Addressing challenges
During a tour of the plant, discussions touched on fiscal policy, logistics bottlenecks, financing hurdles, and the limited local production of critical automotive components. Other topics included battery technology, charging infrastructure, and the importance of capacity building.
Dr. Adesina stressed that affordable power was essential to making EV production competitive in Africa:
“Electric vehicles run on electricity — that is why the AfDB has, in the last 10 years, connected more than 28 million people to electricity, investing heavily in energy.”
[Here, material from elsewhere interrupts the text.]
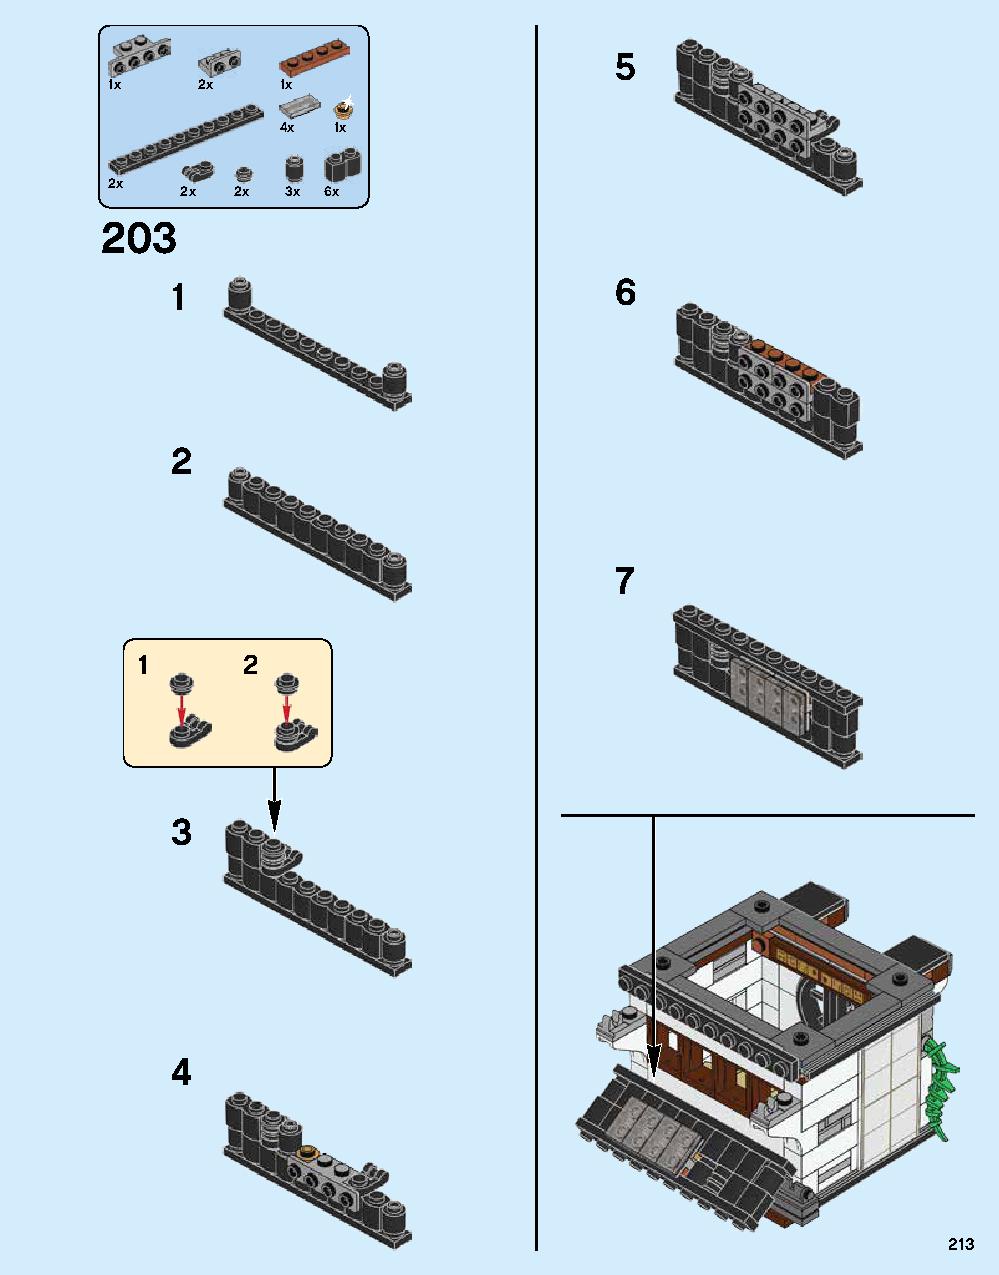 ニンジャゴー シティ 70620 レゴの商品情報 レゴの説明書・組立方法 213 page
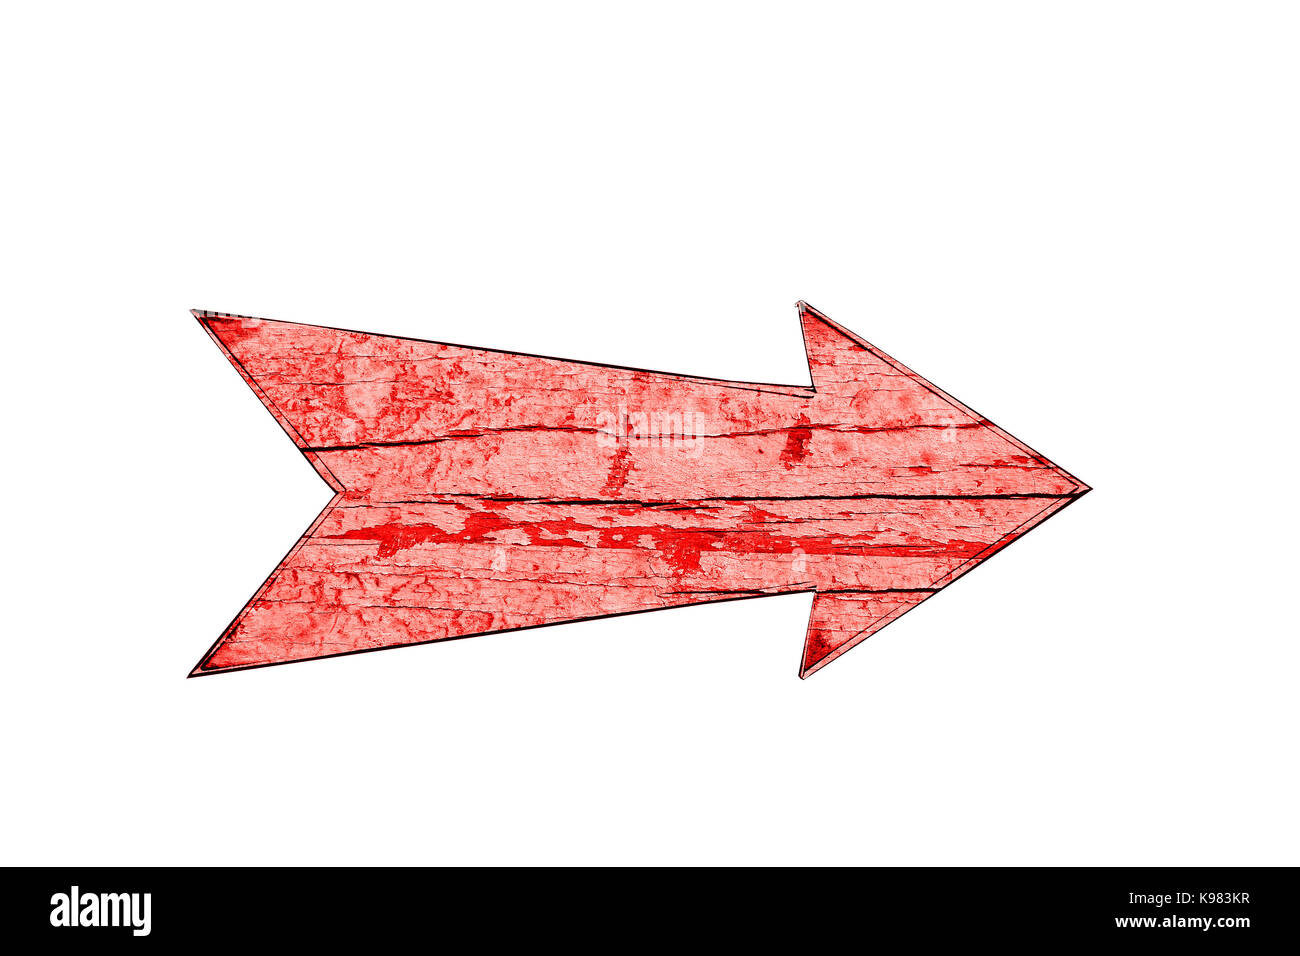 Flèche de direction en bois vintage rouge signe sur la fissuration d'un peeling et plaque en bois de couleur rouge isolé sur un fond blanc vide. Banque D'Images

Highlighting Africa’s vast renewable energy potential—11 terawatts of solar, 350 gigawatts of hydro, 150 gigawatts of wind, and 15 gigawatts of geothermal—he said EV production aligned perfectly with the continent’s green energy future.
Economic opportunity
Dr. Adesina noted that the global EV market, currently valued at $7 trillion, could reach $59 trillion by 2050, and urged African manufacturers to seize the opportunity.
He praised Faleye for investing his own capital despite Africa’s high borrowing costs, and pledged AfDB’s readiness to “de-risk lending” and provide financial lines of credit to support companies like Saglev.
Skills, inclusion, and diaspora impact
Commending the company’s young engineers and technicians, Dr. Adesina said their expertise reflected the quality of Nigerian technical education. He also applauded Saglev’s gender inclusion efforts in its technical workforce.
Acknowledging the role of the African diaspora, he praised Faleye’s return to Nigeria to invest:
“Africa’s diaspora is valuable not just for the $91 billion in remittances each year, but for the knowledge, skills, and commitment they bring back home.”
The visit underscored AfDB’s determination to link clean energy investments with industrial innovation, while spotlighting Saglev as a model for Africa’s push into high-value manufacturing.